**Task description:**
Within the records below is a range that opens at the line with "A Comparison of" and closes at the line with "- 1942 Whirlaway". Return that range word for word, both ends included, and only that range.

**Records for processing:**
◆ ◆ ◆ ◆

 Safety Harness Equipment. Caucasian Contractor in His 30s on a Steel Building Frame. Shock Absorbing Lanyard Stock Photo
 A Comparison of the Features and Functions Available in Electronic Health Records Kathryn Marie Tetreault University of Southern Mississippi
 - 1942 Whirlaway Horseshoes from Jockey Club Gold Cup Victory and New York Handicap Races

◆ ◆ ◆ ◆

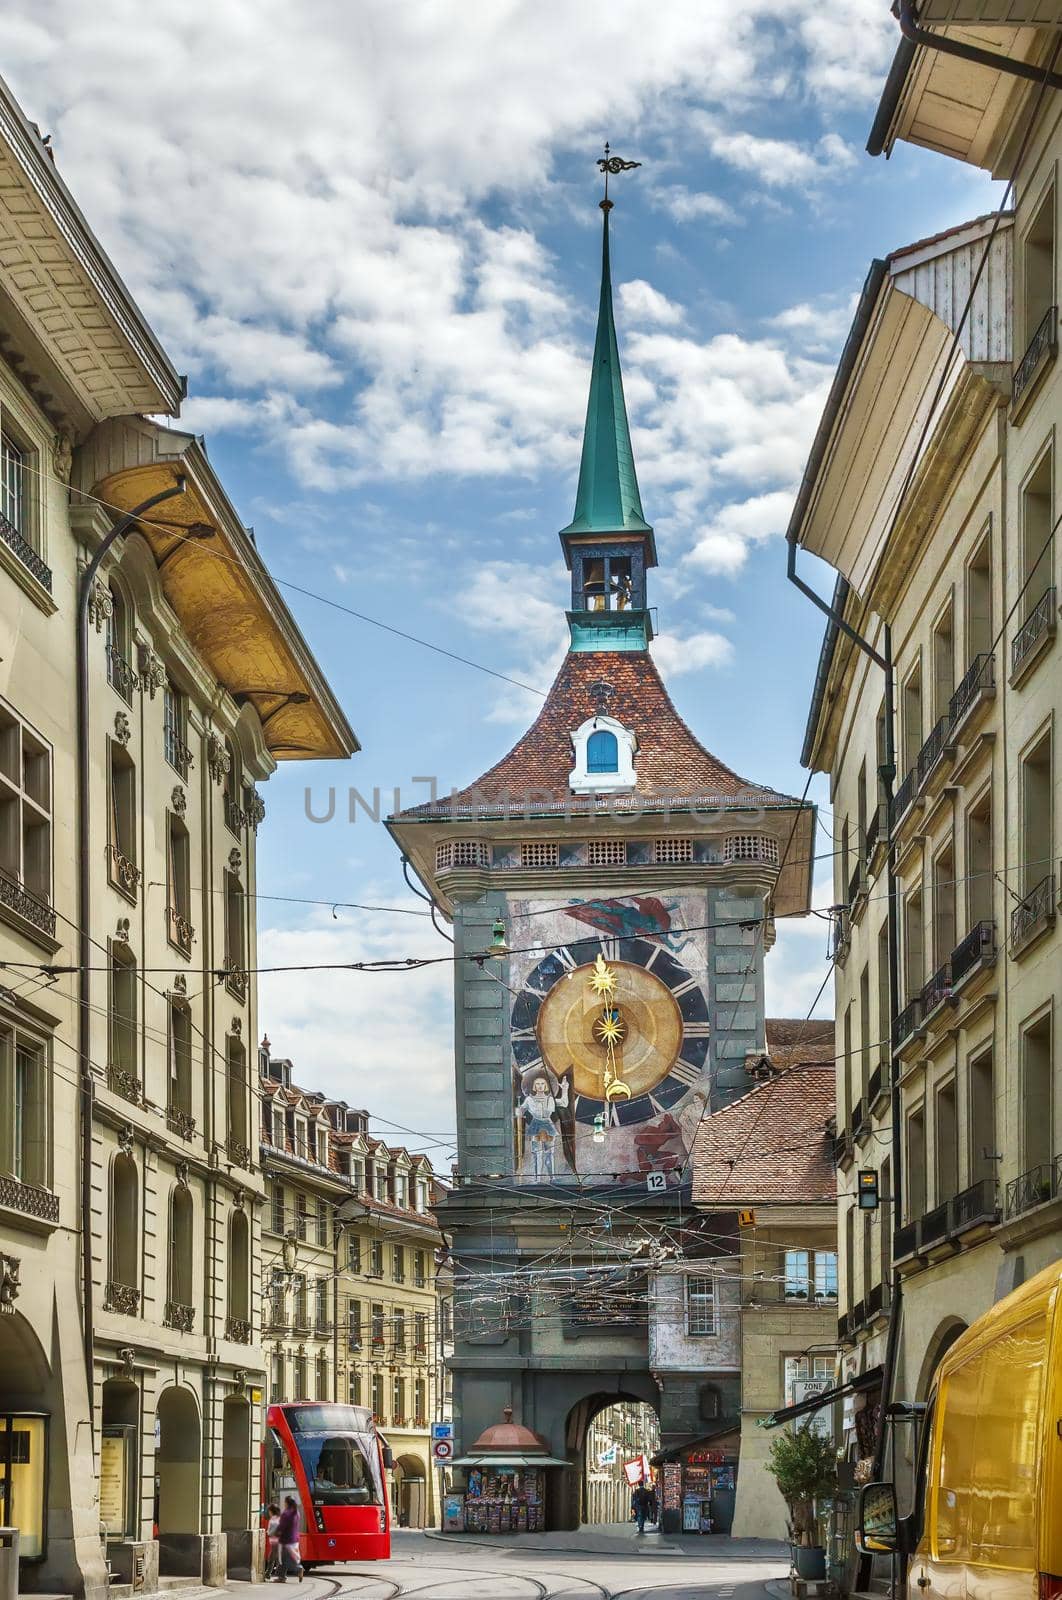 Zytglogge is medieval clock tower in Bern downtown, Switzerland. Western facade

◆ ◆ ◆ ◆

**Task result:**
 A Comparison of the Features and Functions Available in Electronic Health Records Kathryn Marie Tetreault University of Southern Mississippi
 - 1942 Whirlaway Horseshoes from Jockey Club Gold Cup Victory and New York Handicap Races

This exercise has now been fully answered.